Azure Kubernetes Service (AKS) upgrade your node pools

This blog post provides step-by-step instructions and includes screenshots to illustrate the process of upgrading node pools in AKS.

Azure Kubernetes Service (AKS) upgrade your node pools

Whenever you work with AKS and the amount of services increases there comes a moment that also the number of nodes in your pool(s) are increasing. Luckily AKS uses, by default, automatic scaling in order to keep your containers running perfectly. But sometimes it's necessary to upgrade your node pools because your services are memory intensive or you need more CPU on your nodes because of the intensive amount of calculations that are done. In these cases instead of increasing your nodes, it might be cheaper to upgrade your pool.
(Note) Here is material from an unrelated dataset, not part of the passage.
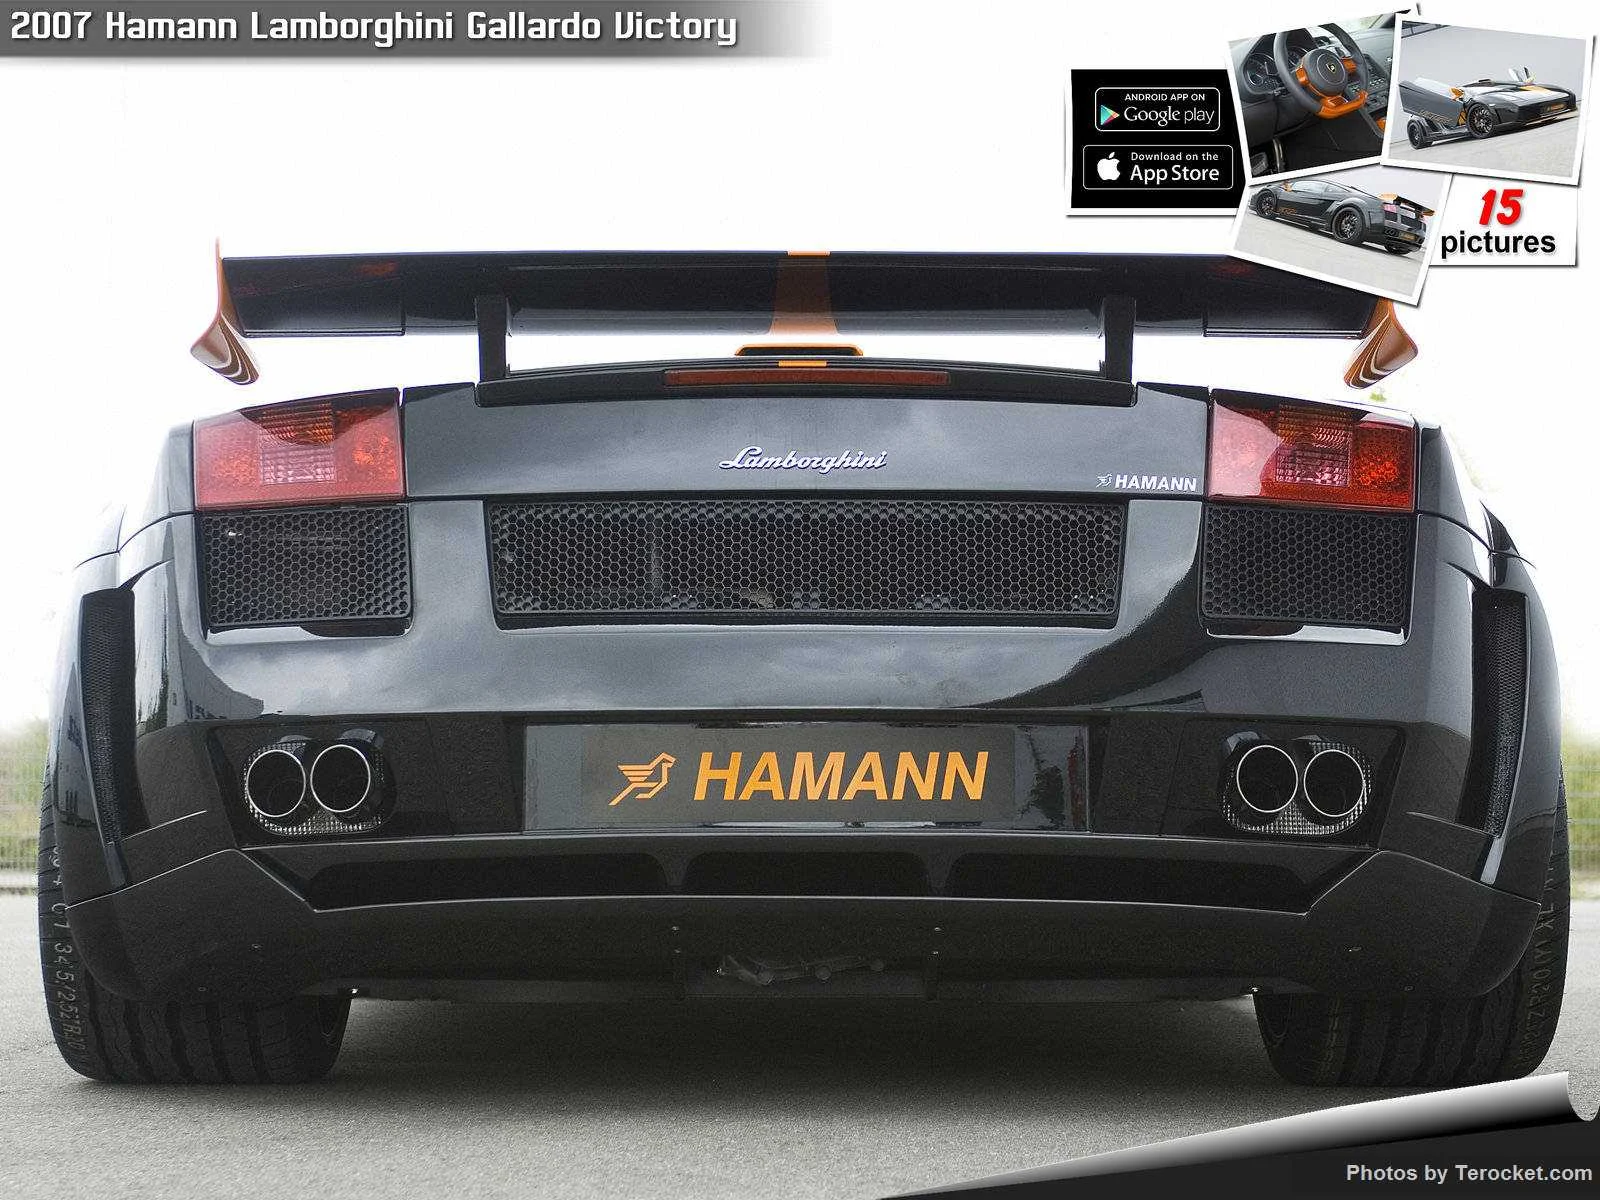 Hình ảnh xe ô tô Hamann Lamborghini Gallardo Victory 2007 & nội ngoại thất

Before upgrading your, it is always wise to double-check your instances to see what they are lacking. In order to check, you need to navigate to the Virtual machine scale set, which runs your node pool. Now select the instance, which you want to inspect. Look at each separate instance to investigate what they need. Higher CPU? Higher memory? Better IO?

Setup a new node pool

Before we start creating a new node pool, first establish want kind of VM host you want and in what mode you want it running.
Below is a list of VM series you can choose from.

Next, we need to select the Mode in which the new node pool, needs to be running. You have 2 types to choose from. You have User and System.
System node pools are preferred for system pods (used to keep AKS running).
User nodes are primarily designed for your services, but, if enough capacity, system nodes can also run your services.

Since I only have 1 node pool in my example, it's a system node.
In order to upgrade, I first need to create a new System node pool pool.

az aks nodepool add --resource-group myResourceGroup --cluster-name myAKSCluster --name mynewpool --node-count 1 --node-vm-size Standard_DS3_v2 --mode System --no-wait

In the picture below, you see that my new node pool is being created. The old one is still services requests.

Now we need to tell AKS that we don't want new pods or workloads being created using the old node pool. We do this by using the following command

kubectl cordon aks-agentpool-xxxxxxxx-vmss000000

After we executed that cordon command, we see that our old node pool is disabled for scheduling. (see picture below)

That means that all the new loads or workloads are automatically being done by our newly created node pool. But we also want to delete our old node pool. In order to do that we need to empty the old pool.

Make sure that you have enough capacity on your new pools, before you start to empty your old pools

In order to empty the old, and to delete them, we need to use the drain command like so.

kubectl drain aks-agentpool-xxxxxxxx-vmss000000  --ignore-daemonsets --delete-emptydir-data

When that command is running, AKS will try to stop all containers and makes sure that all workload is being taken over by other nodes.
Make sure that you have a node pool running in System mode, before emptying the old System node pool.

When the previous command is done, you can initiate the command for the deletion of your old node pool.

az aks nodepool delete --resource-group myResourceGroup --cluster-name myAKSCluster --name nodepool

You can now see that your old pool is being deleted.